問完之後,腦中才隱隱浮出些君子淑女男女和合之說,渟雲側臉望向裡屋書房,記起丹桂已經離謝府快一個月了。
祖師輕看來去,思舊是為執妄,但嫁人這種事,院裡就隻有丹桂時時說起,免不得渟雲此時想念。
再憶往昔,每每念叨選婿擇夫,丹桂多是自怨身份低下,或自艾容貌堪堪,又自得私銀頗豐,是謝府教養,該尋個郎君溫情體貼,最好家世殷實,婆母良善。
總而婚配是個麻煩事,要瞻前顧後,刨根查底,省己度人。
渟雲還欲再細問纖雲,思忱要回頭,眼角餘光順勢看到冷胭侯在一旁。
這是個實打實不久就要出閣嫁人的,渟雲索性偏過肩膀,盯著冷胭上下打量,冷胭被她盯的不自在,抬手就著手裡巾子掩嘴,垂頭笑的頗有些羞赧。

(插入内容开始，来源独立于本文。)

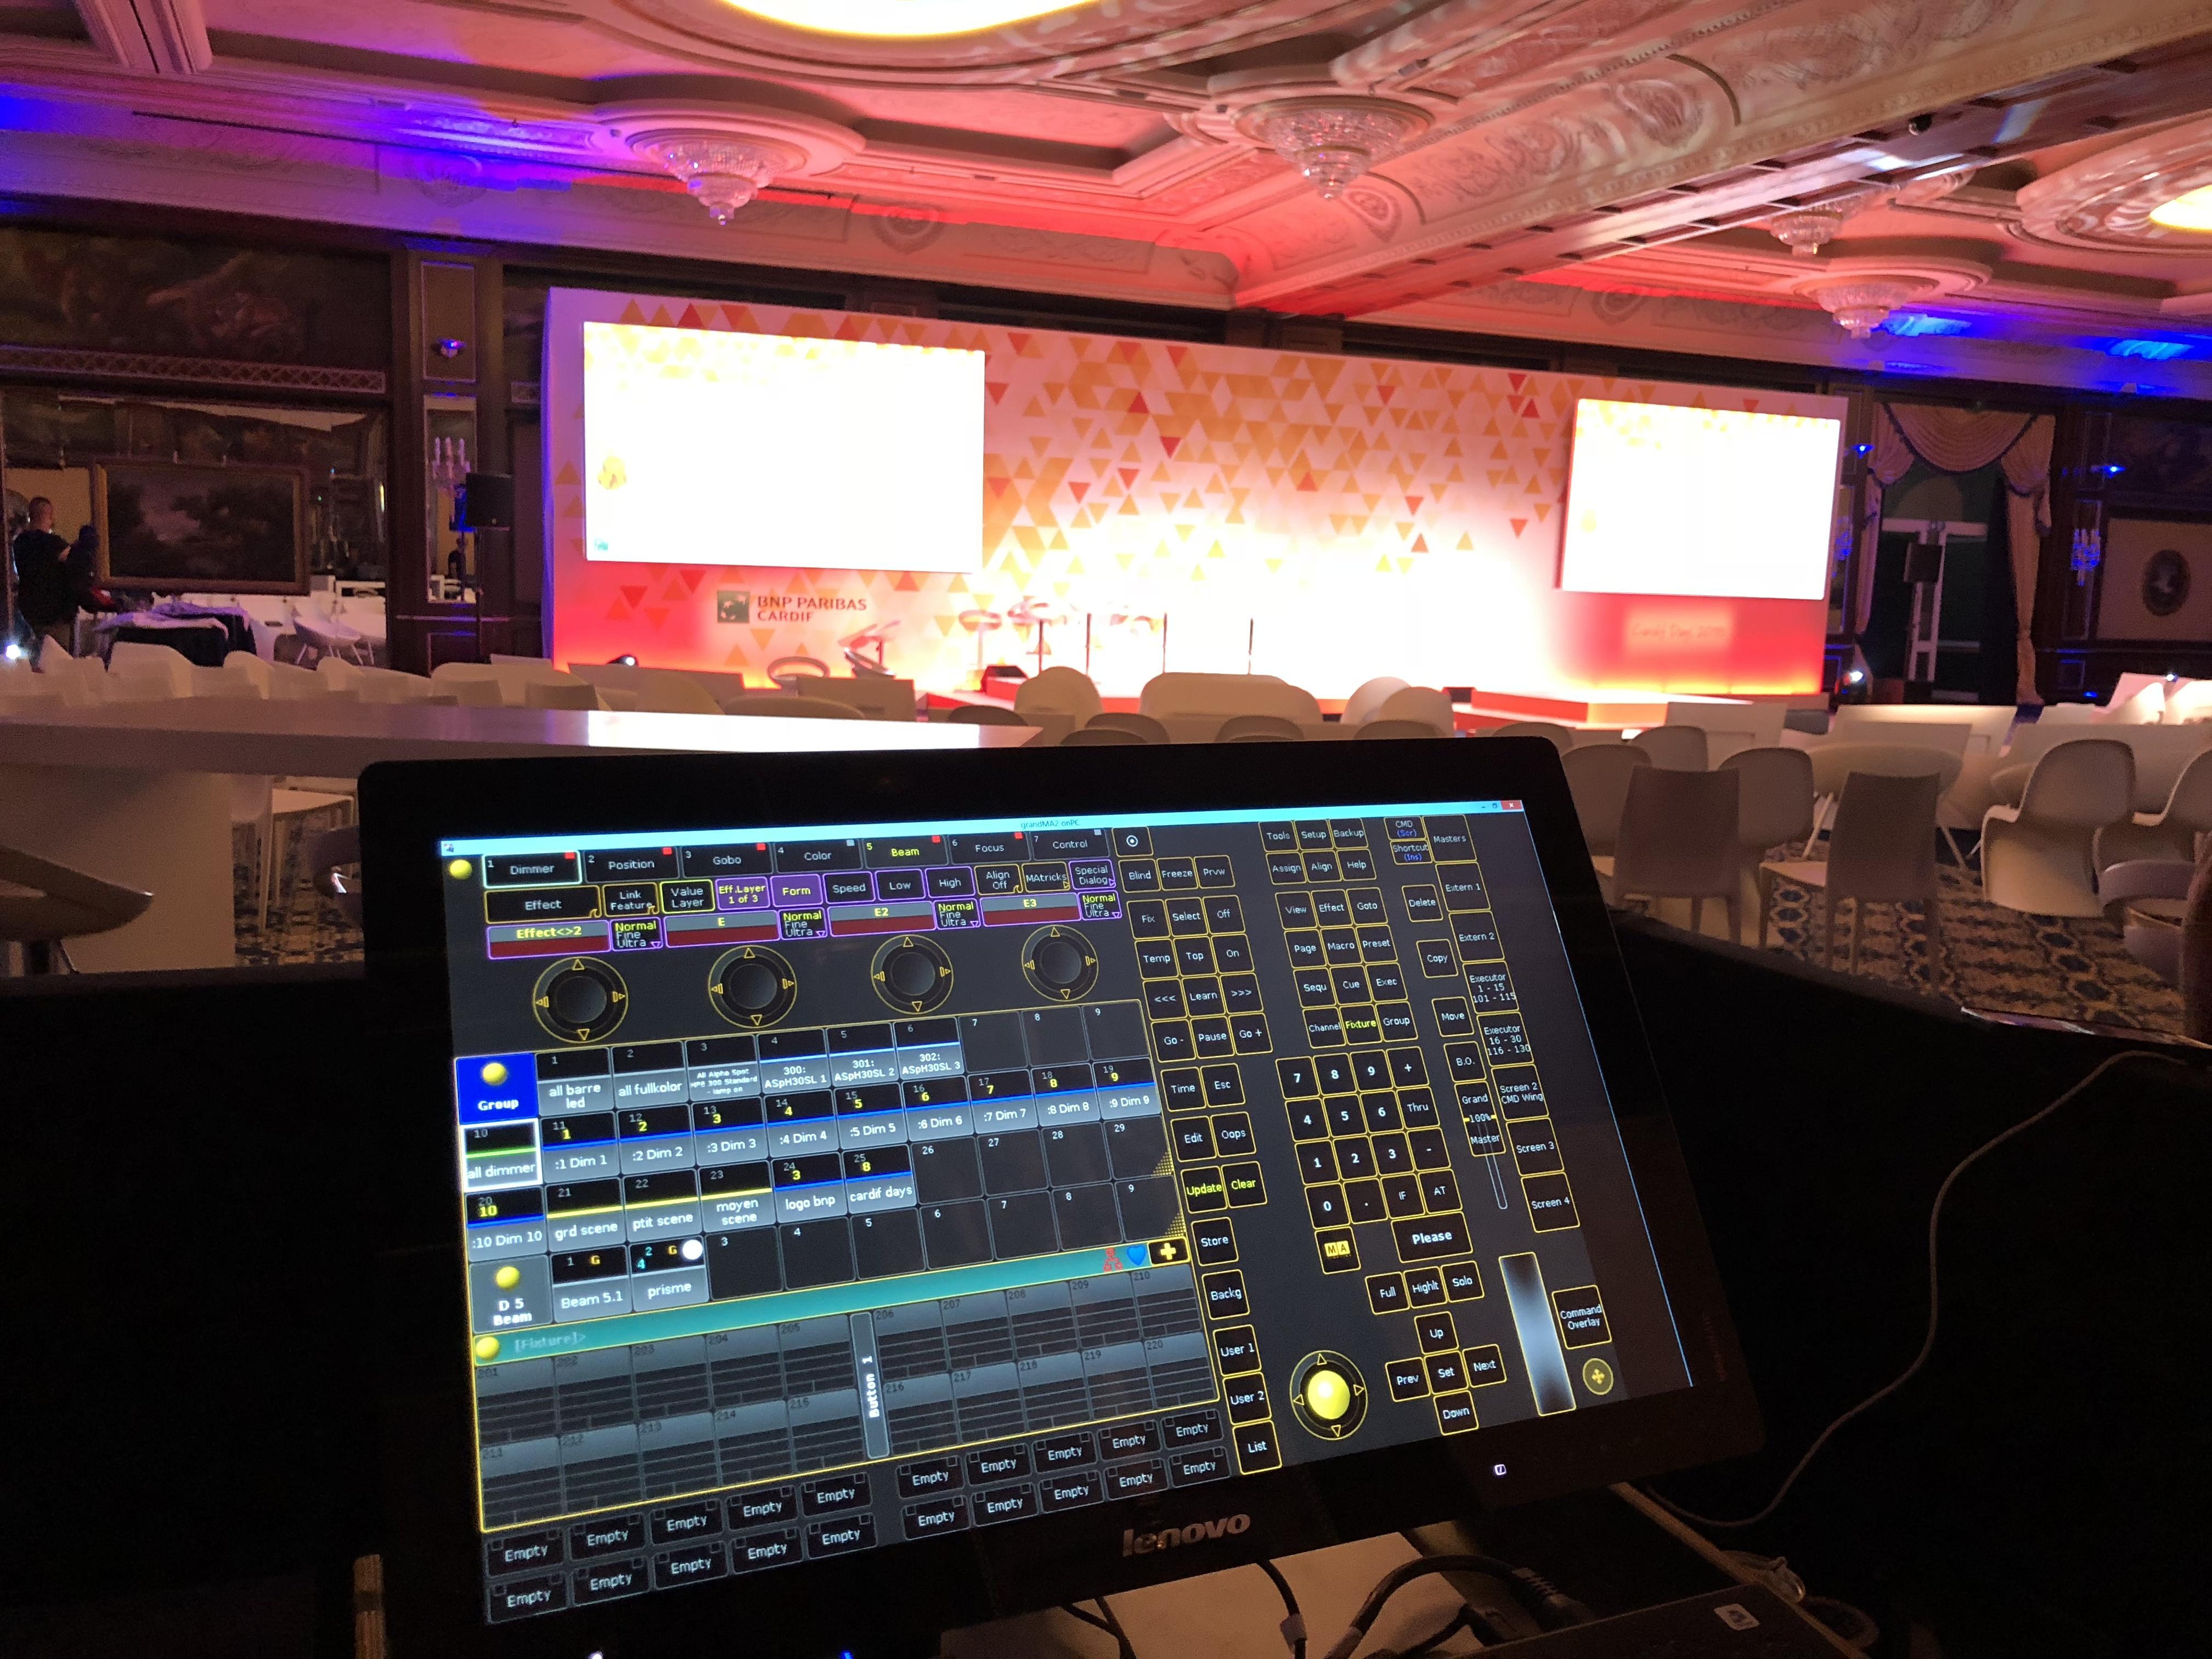 aucop-event-italie-twobevents-lac majeurs-on-video-deco-scene-ecrans-audiovisuel-Grand Hotel Dino-bnp paribas

纖雲手指撥弄自個兒那倆元寶,眼睛卻沒離開分給渟雲的那幾個,全沒聽出渟雲話裡隱憂,隨口念叨道:“當然是你嫁人啦,你今年過了生辰就滿十五了。
及笄當嫁,我還兩三年呢,哪能是我出嫁,等我到了年歲...”
她的貼身女使不好意思看了一圈眾人,附耳勸道:“娘子慎口,哪個姐兒張嘴閉嘴說婚論嫁的,留神誰聽了瞎傳,大娘子要生氣。”
雖是藏聲匿音做派,嗓門卻並不低,屋裡個個都聽得,辛夷才取了糖膏出來,端著托盤瞪大雙眼道:“說的哪樣,誰要談婚論嫁?”
纖雲望著元寶不放,嘟囔道:“哎呀,四姐姐能跟誰傳,再說了,我早聽到了,娘親和嫲嫲們論了好久了,不是論大哥的,就是論二哥的。
就是論四姐姐論的少些,我以前沒聽仔細,可昨兒我看見四姐姐頭上珠花好看,回去娘親特交代我的。
說四姐姐大了,該添嫁妝要出閣了,我就問麼,我呢我呢,她說我還小,不讓我問。”
她抬起胳膊,手肘支在桌上,托著下巴將一張粉妝玉琢臉揉成團,下定了決心似的笑與渟雲賣乖道:“算了算了,這多出來的就先給你吧,我要兩對也夠的,多了還養不過來呢。”
渟雲強顏笑垂了眼瞼,辛夷把托盤擱下,上麵有糖罐並一個巴掌青瓷小碟,擱著個兩寸長尖尖雕花銀夾子。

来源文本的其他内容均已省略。